Вскоре я покинул и Потсдам и крошку Бери; в другом городе, где меня ждали важные дела, крайне сложные обстоятельства и отношения не за-медлили, измучив меня, вернуть к жестокой действительности.
-- Господи боже! -- продолжал Максимилиан, и верхняя губа его дрогнула страдальческой улыбкой. - Господи боже! А как же мучили меня живые женщины, с которыми я неизбежно тогда сталкивался и сближался, как-вкрадчиво мучили своими мелочными обидами и ревнивыми выпадами, своей игрой на моих нервах. На скольких балах приходилось мне терять с ними время, сколько распутывать бесконечных сплетен! Что за неуемное тщеславие, что за страсть ко лжи, предательство в поцелуе, какие ядовитые цветы! Милые дамы умудрились отравить мне всякую радость любви, и я на какой-то срок стал женоненавистником, проклинающим все их племя. Я почти уподобился тому французскому офицеру, который в русскую кампанию едва выбрался из льдов Березины, но с тех пор так возненавидел все замороженное, что с отвращением отказывался даже от самых сладких аппетитных мороженых, изделия Тортони. Из-за моего тогдашнего перехода через Березину любви мне опротивели самые очаровательные дамы, ангелоподобные женщины, барышни, сходные с ванильным шербетом.
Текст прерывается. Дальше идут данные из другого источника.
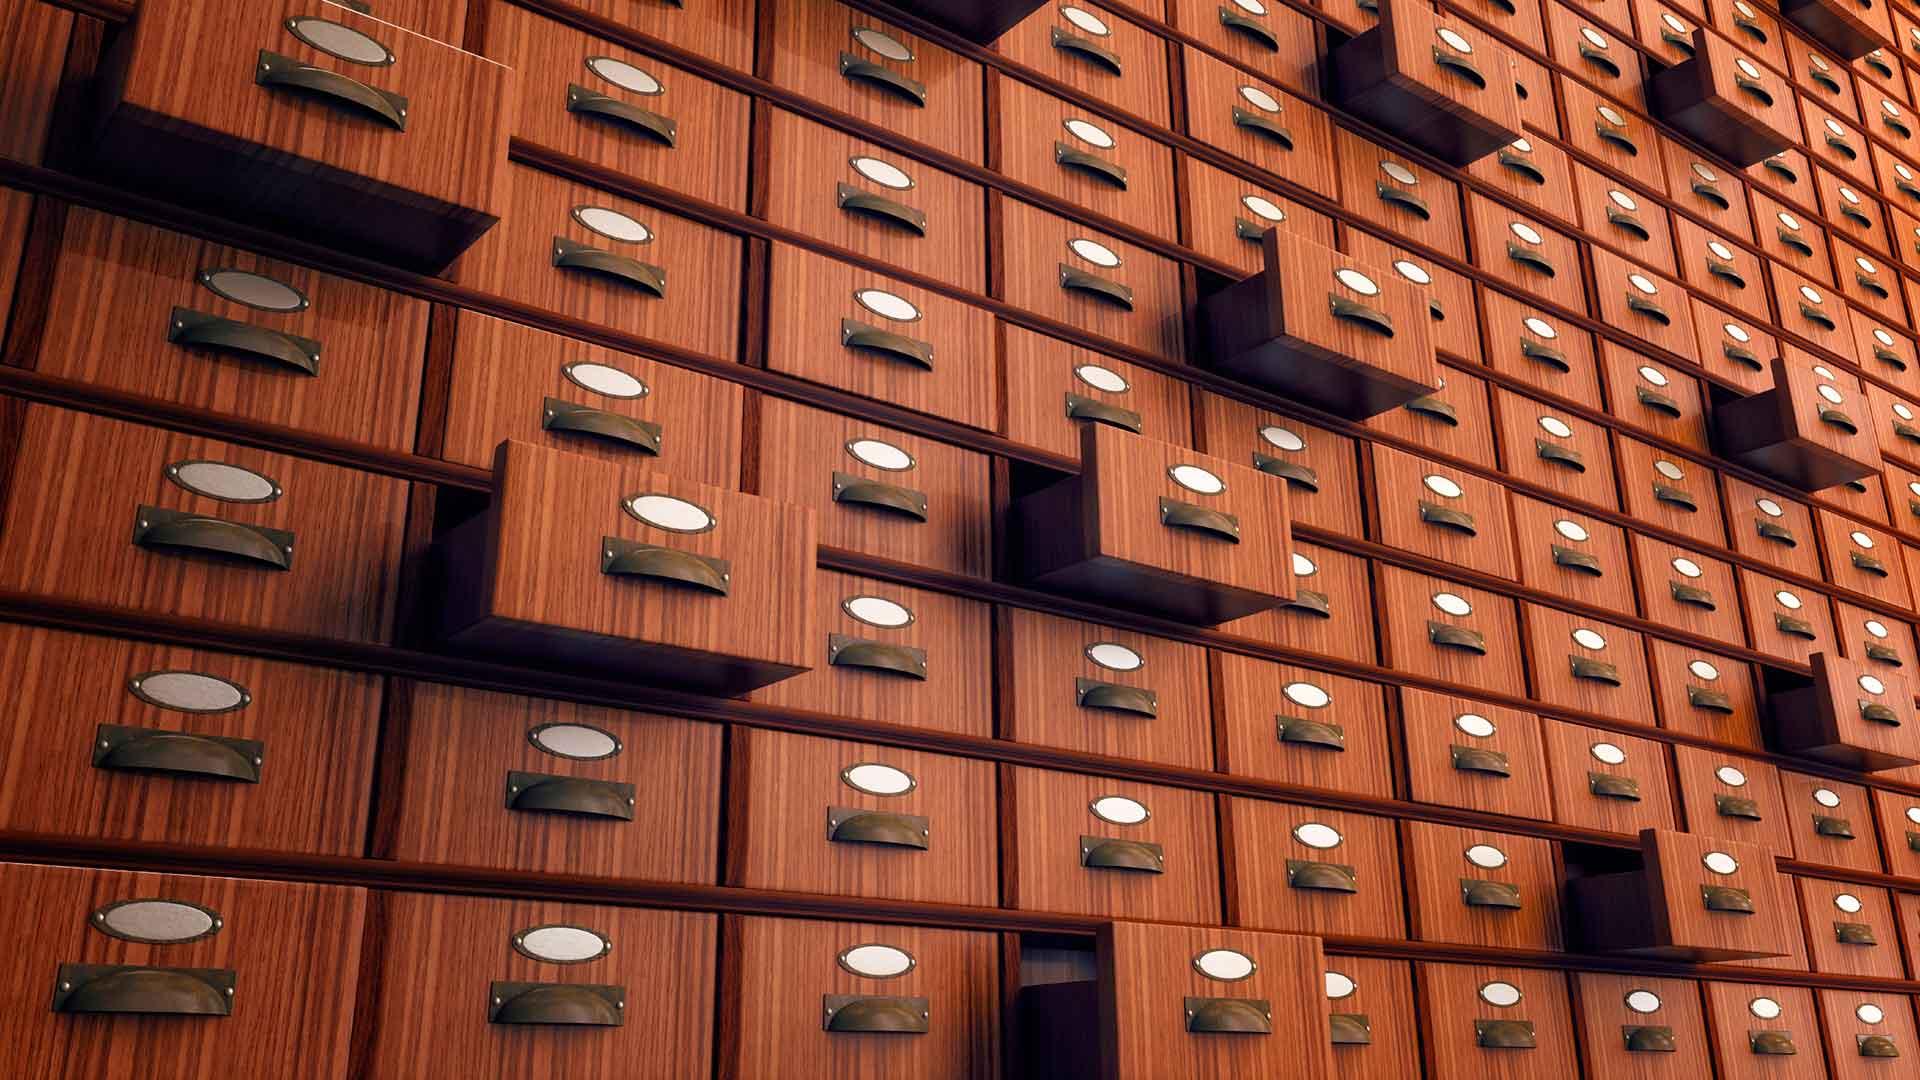 Cum faci împarțirea în mai multe arhive a unui fișier storeday ramnicu sarat informatica

-- Прошу вас, не хулите женщин,- воскликнула Мария. -- Не повторяйте избитых мужских речей. В конце концов вам для счастья все же нужны женщины.
-- Увы,-- вздохнул Максимилиан,-- это, конечно, верно. У женщин один лишь способ сделать нас счастливыми, зато тридцать тысяч способов сделать нас несчастными.
-- Милый друг, -- возразила Мария, пряча легкую усмешку, -- я говорю о согласии двух созвучных душ. Неужто вы ни разу не испытали этого счастья? Нет, я вижу непривычную краску на ваших щеках... Ну, скажите, Макс?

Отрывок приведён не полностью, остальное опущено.